Fiber porosity remained consistent between samples at approximately 50%. There were slight increases in porosity in the aligned section when compared to the corresponding random section, but not substantial. The material was then porous enough to accept cells and allow for proliferation. ²⁹ After examining the cell culture results, there are a few noticeable outcomes worth mentioning. The increase in cell density along with the configuration of the fibroblast cells along the aligned region (Figure 3) shows promising biocompatibility for the electrospun scaffold. Similarly, the scaffold shows cell migration across both regions into the transition region (Figure 4). Previous studies using fibroblasts on electrospun scaffolds have shown similar results with cell proliferation and alignment along the aligned region of the scaffold, as well as cell migration abilities. ³⁰ The effect of electrospun PCL scaffold alignment on Schwann cell maturation was also reported, and results showed that cells cultured on the aligned region aligned and elongated along the fiber axes, which they attribute to a phenomenon known as contact guidance. ³¹ This form of cellular alignment is also commonly seen among other studies using human fibroblasts and Schwann cells. ^32,33 Additionally, a recent study was conducted in which natural polymers were used to create nanoparticles for electrospinning, which was found to create scaffolds with improved cell viability and attachment. ³⁴ Additional experimentation may be required to compare other solutions to PCL to potentially improve cell interaction. If a clinically usable product is to mimic the cell characteristics of the bone–tendon interface, it must have high levels of biocompatibility along with cell migration capabilities, which our scaffold appears to demonstrate.

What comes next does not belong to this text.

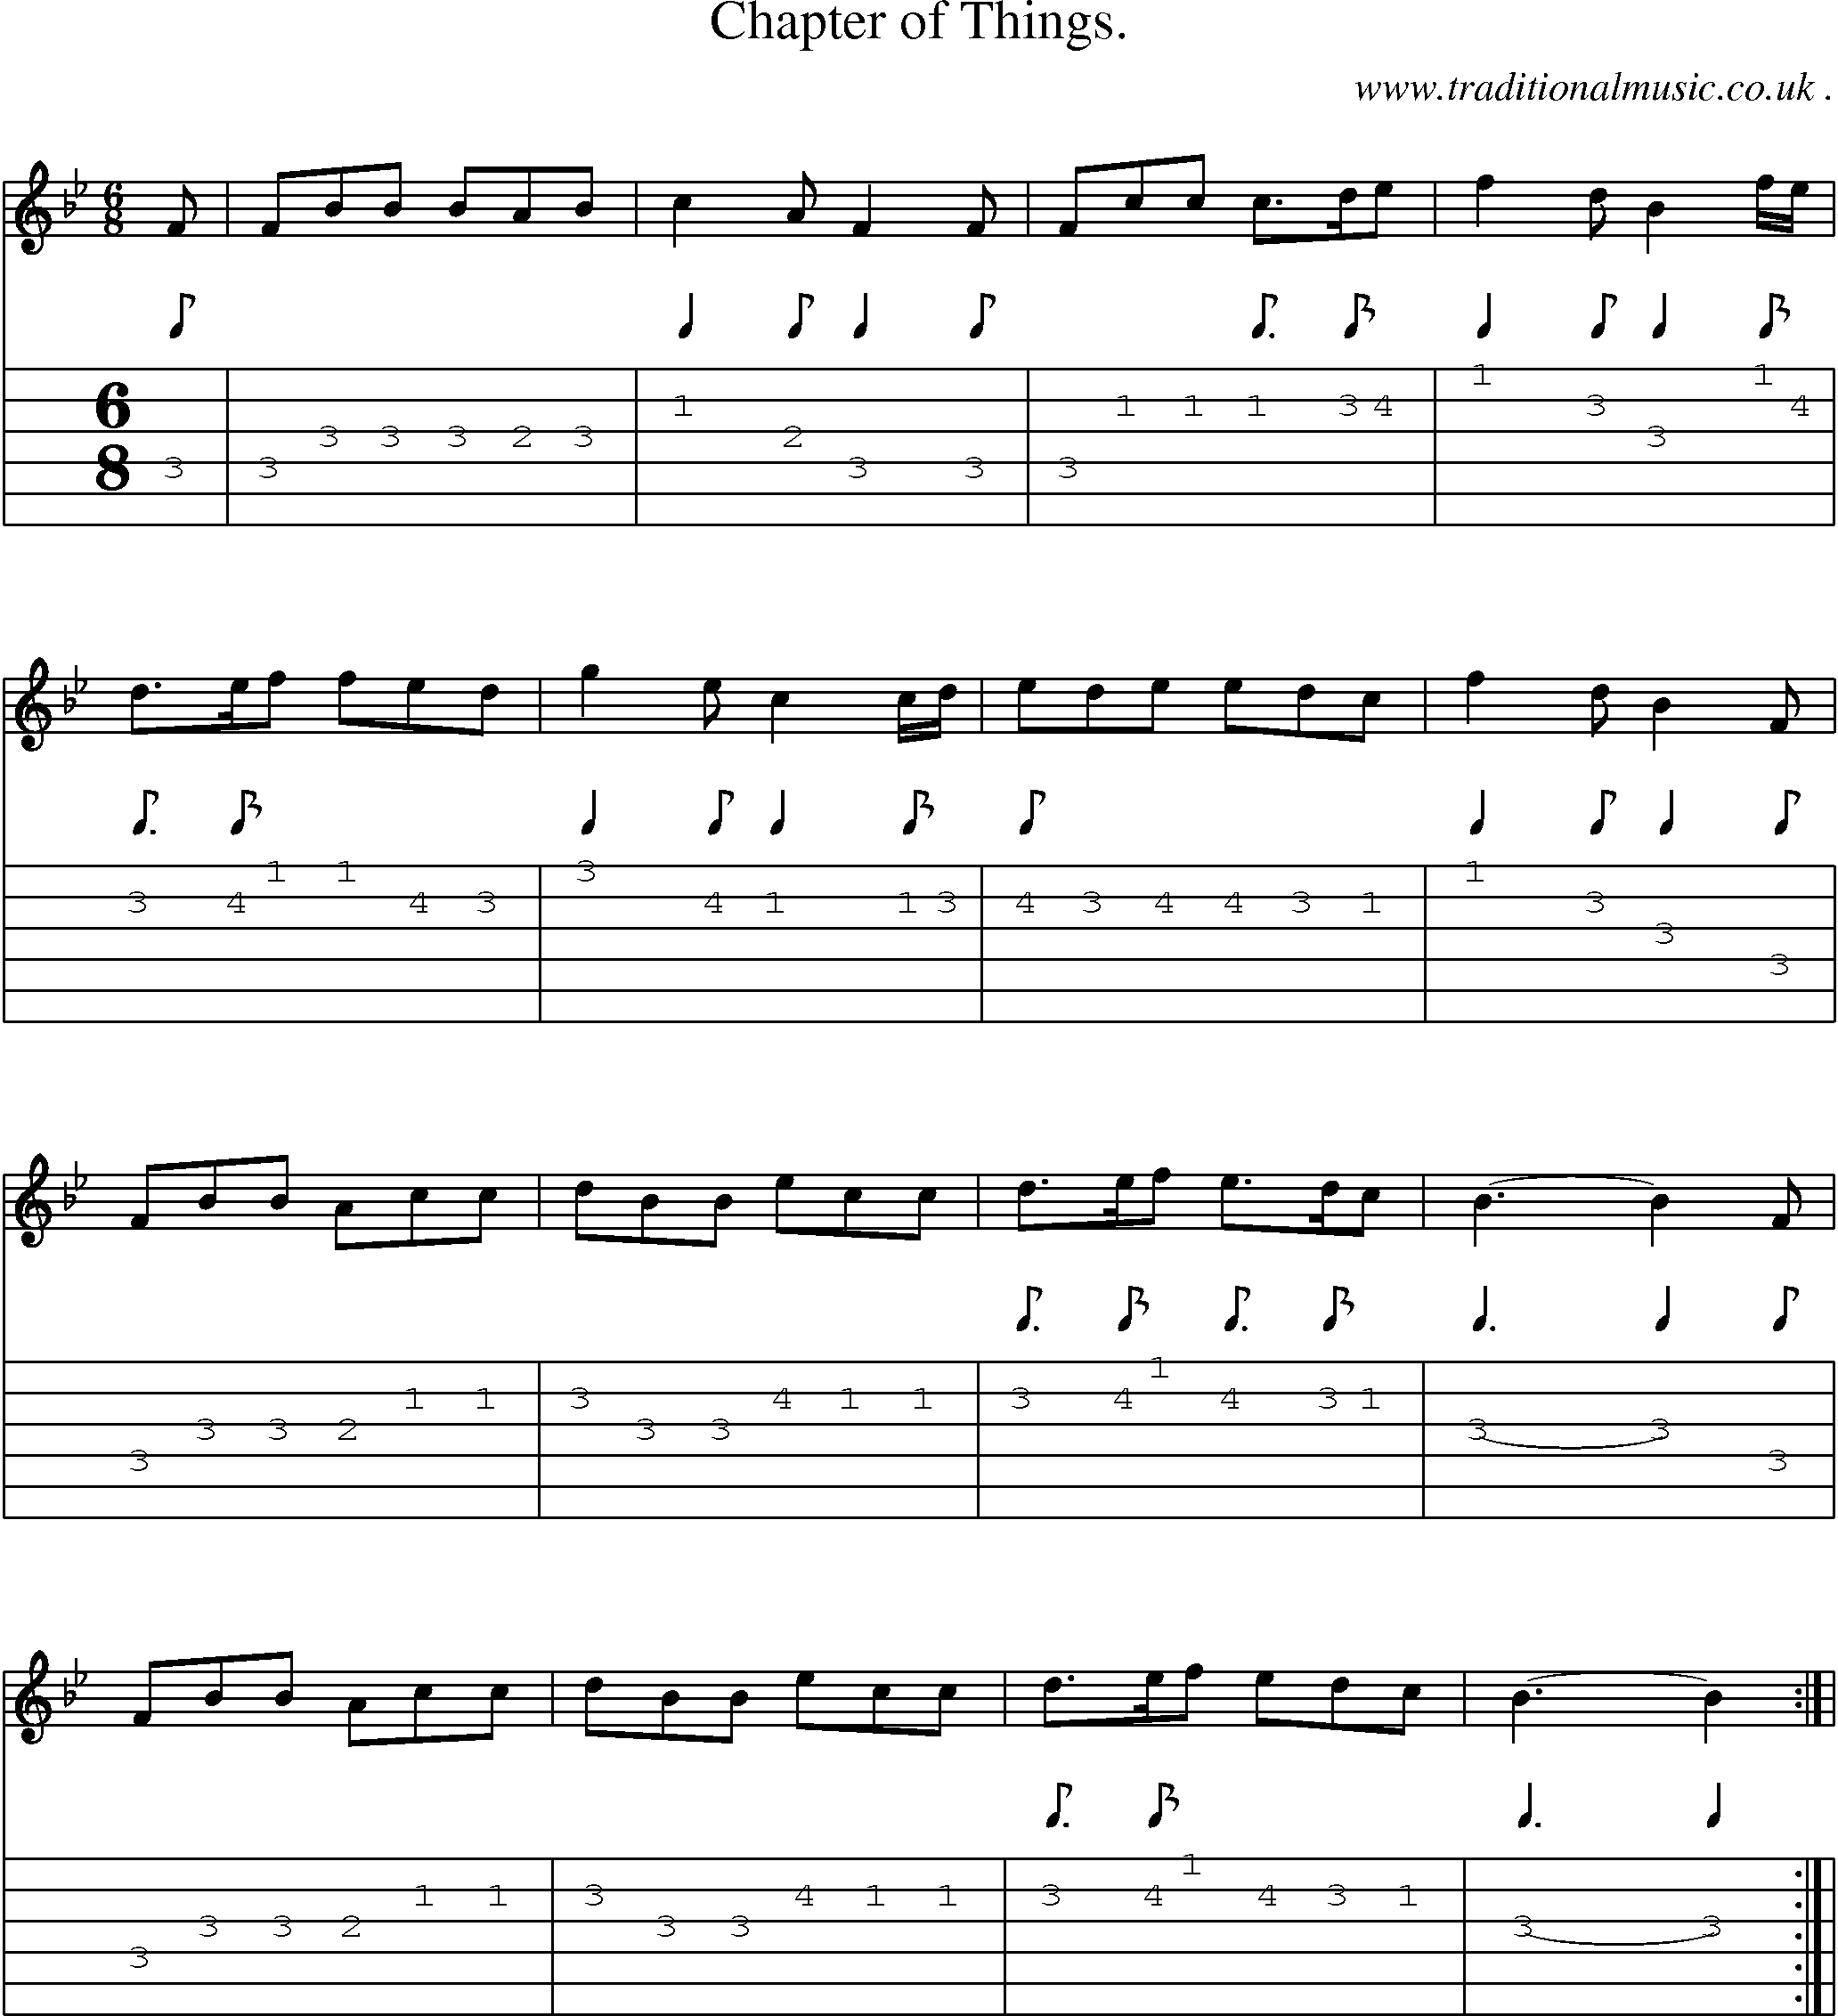 Sheet-Music and Guitar Tabs for Chapter Of Things

To help determine if the observed cellular activity represents an effective interaction between the cells and their environment, previous studies have often focused on a few key factors. First, the biological functionality of the cells can be generally determined based on whether they are able to maintain normal phenotypic shape within the scaffold. ³⁵ Second, cell adherence to the scaffold along with proliferation within the nanofibrous network suggests cell approval of the structure. ³⁵ Finally, researchers often examine the cross-sectional cellular activity to determine if the cells integrate with multiple layers of the scaffold to form a 3-D network. ^35,36 In this study, microtopographical cues, coupled with the intercellular interactions promoted the enthesis formation. While our cell culture analysis demonstrates the first two factors, a follow-up study could be conducted to examine the 3-D capabilities of osteoblasts, fibroblasts, and chondrocytes on a single gradient scaffold.

It is reported that in the United States, about 250,000 anterior cruciate ligament injuries occur annually, ³⁷ and between 200,000 and 300,000 rotator cuffs are surgically repaired each year. ³⁸ This study provides a multicellular strategy to engineer tendon/ligament-to-bone interface (enthesis). It will not only promote future development of regenerative medicine enabling functional and integrative recovery of tendon/ligament-to-bone injuries, but may also inspire new strategies toward organ-on-chip for heterogeneous tissues. Future work includes incorporating nanoparticles and growth factors to create a multifunctional microenvironment for improvement of cellular growth as well as mechanical properties of the engineered tissues.

Conclusion

This article presents a novel technique for tendon–bone tissue regeneration. We adopted a parallel electrospinning method to fabricate the random-to-aligned nanofiber scaffolds. Fibroblasts and osteosarcoma cells were seeded on designated areas and cocultured in the scaffold. The microtopology, specifically the nanofiber alignment, guided the cell organization. The cocultured construct mimicked the tendon–bone interface microstructure. This article provides an effective biomimetic model for tendon/ligament regeneration, and can be further developed as an organ-on-chip or a therapeutic alternative for heterogeneous tissues.